Mas os planos mudaram. Segundo a Reuters, a Nissan suspendeu o desenvolvimento do Qashqai elétrico como parte de um processo mais amplo de reestruturação global e redução de custos. A empresa não confirmou publicamente a decisão. Quando questionada, limitou-se a reafirmar o seu compromisso com a expansão da gama eletrificada, sublinhando que a estratégia europeia passaria por uma combinação equilibrada entre modelos elétricos e híbridos. Segundo as mesmas fontes, um novo Qashqai elétrico, se vier a ser desenvolvido, não chegará ao mercado antes do início da próxima década.

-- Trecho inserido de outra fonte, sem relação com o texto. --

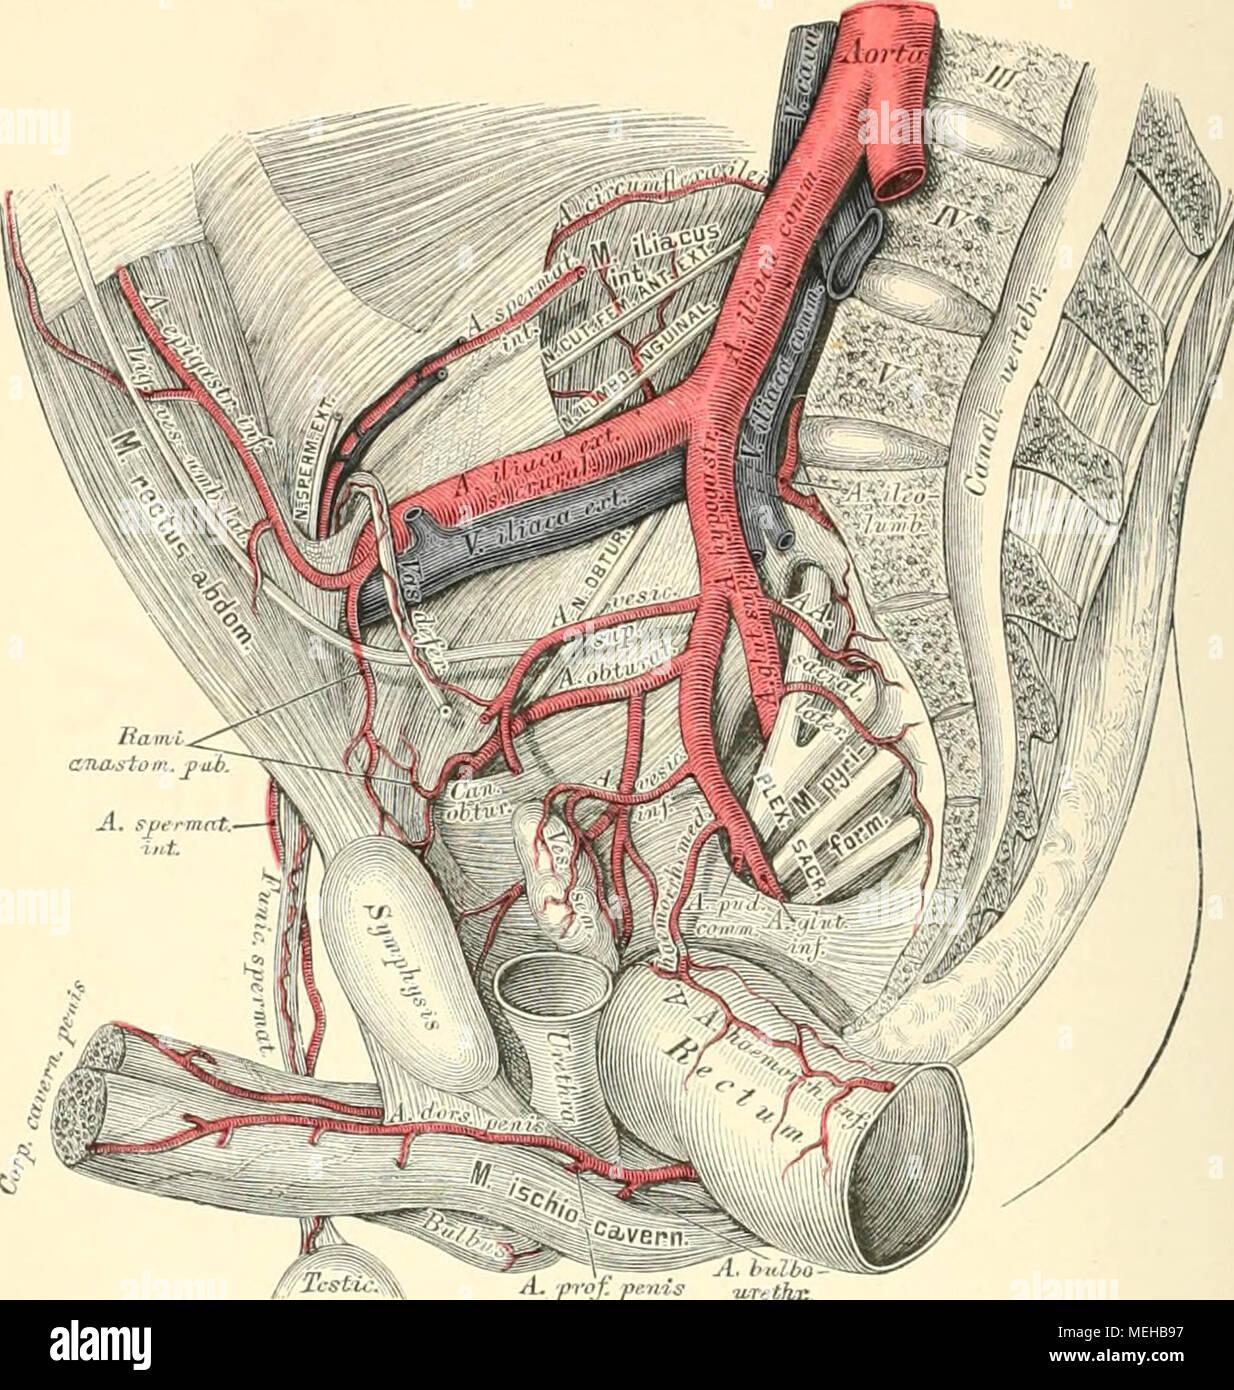 Berühmt Aorta Anatomie äste Fotos - Menschliche Anatomie Bilder ...

A suspensão do Qashqai elétrico não é um caso isolado. Reflete uma revisão muito mais ampla da estratégia global da Nissan. Nos últimos meses, a construtora cancelou os planos para produzir dois SUV elétricos na fábrica de Canton, no Mississippi, nos Estados Unidos, optando em vez disso por reforçar a aposta em modelos híbridos. Simultaneamente, anunciou a intenção de reduzir a sua gama global de 56 para 45 modelos. O padrão é claro: a Nissan está a recalibrar a sua abordagem à eletrificação, abrandando em projetos ambiciosos e regressando a tecnologias híbridas que oferecem menos risco financeiro.

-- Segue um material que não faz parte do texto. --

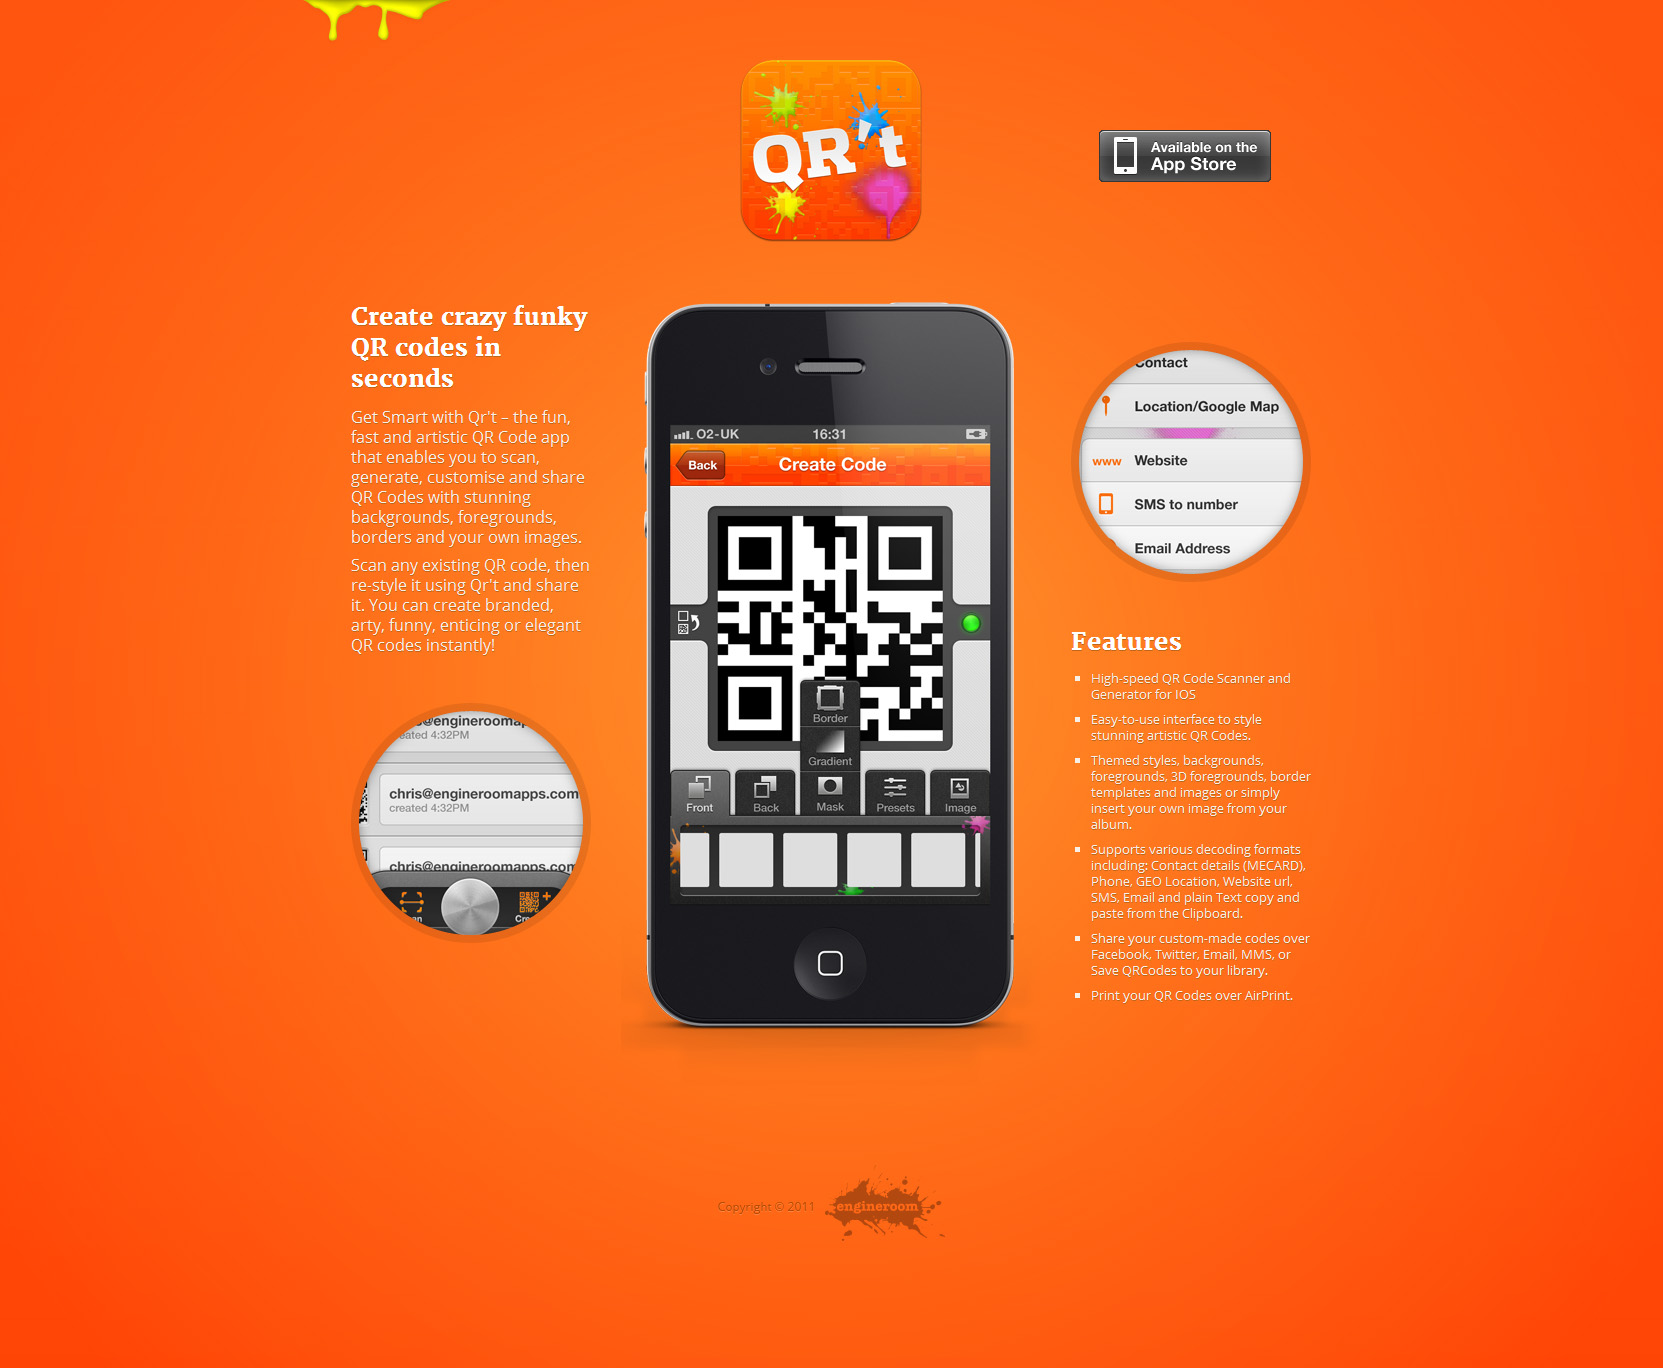 Qr't Website Screenshot

O que isto significa para Sunderland e para a estratégia europeia da Nissan permanece em aberto. A fábrica britânica continua a ser central nos planos da empresa, mas o projeto que deveria defini-la nos próximos anos foi colocado na gaveta. A marca japonesa continua a dizer que quer crescer na Europa e reforçar a sua oferta eletrificada. Mas o seu best-seller — o carro que mais vende, que mais conhecem, que mais confiam — não será parte dessa aposta, pelo menos não nos próximos anos.

A estratégia para a Europa passa por uma combinação equilibrada de modelos elétricos e híbridos
— Nissan, em comunicado
The Hearth Conversation Another angle on the story
Inventor

Por que é que a Nissan suspendeu o Qashqai elétrico se ele representa quase metade das suas vendas na Europa?

Model

Porque o custo de desenvolvimento de um novo modelo elétrico é enorme, e a Nissan está numa reestruturação global. O Qashqai é importante, mas não é importante o suficiente para justificar esse investimento neste momento.

Inventor

Mas não era isso que a empresa tinha prometido em 2023 com o plano EV36Zero?

Model

Exatamente. Colocaram o Qashqai elétrico no centro da transformação de Sunderland. Agora estão a recuar. É um sinal de que as prioridades mudaram — ou que a realidade financeira as forçou a mudar.

Inventor

Isto afeta apenas o Qashqai ou é parte de um padrão maior?

Model

É parte de um padrão. Cancelaram SUV elétricos nos EUA, estão a reduzir a gama global de 56 para 45 modelos. A Nissan está a fazer uma revisão profunda de tudo.

Inventor

O que significa isto para os trabalhadores de Sunderland?

Model

Significa incerteza. A fábrica continua a ser importante para a Nissan, mas o projeto que deveria defini-la nos próximos anos desapareceu. Sem o Qashqai elétrico, qual é o futuro de Sunderland?

Inventor

A Nissan vai voltar a desenvolver o Qashqai elétrico?

Model

Talvez. Disseram que não chegará ao mercado antes do início da próxima década. Mas neste momento, está suspenso. Tudo pode mudar — ou nada pode mudar.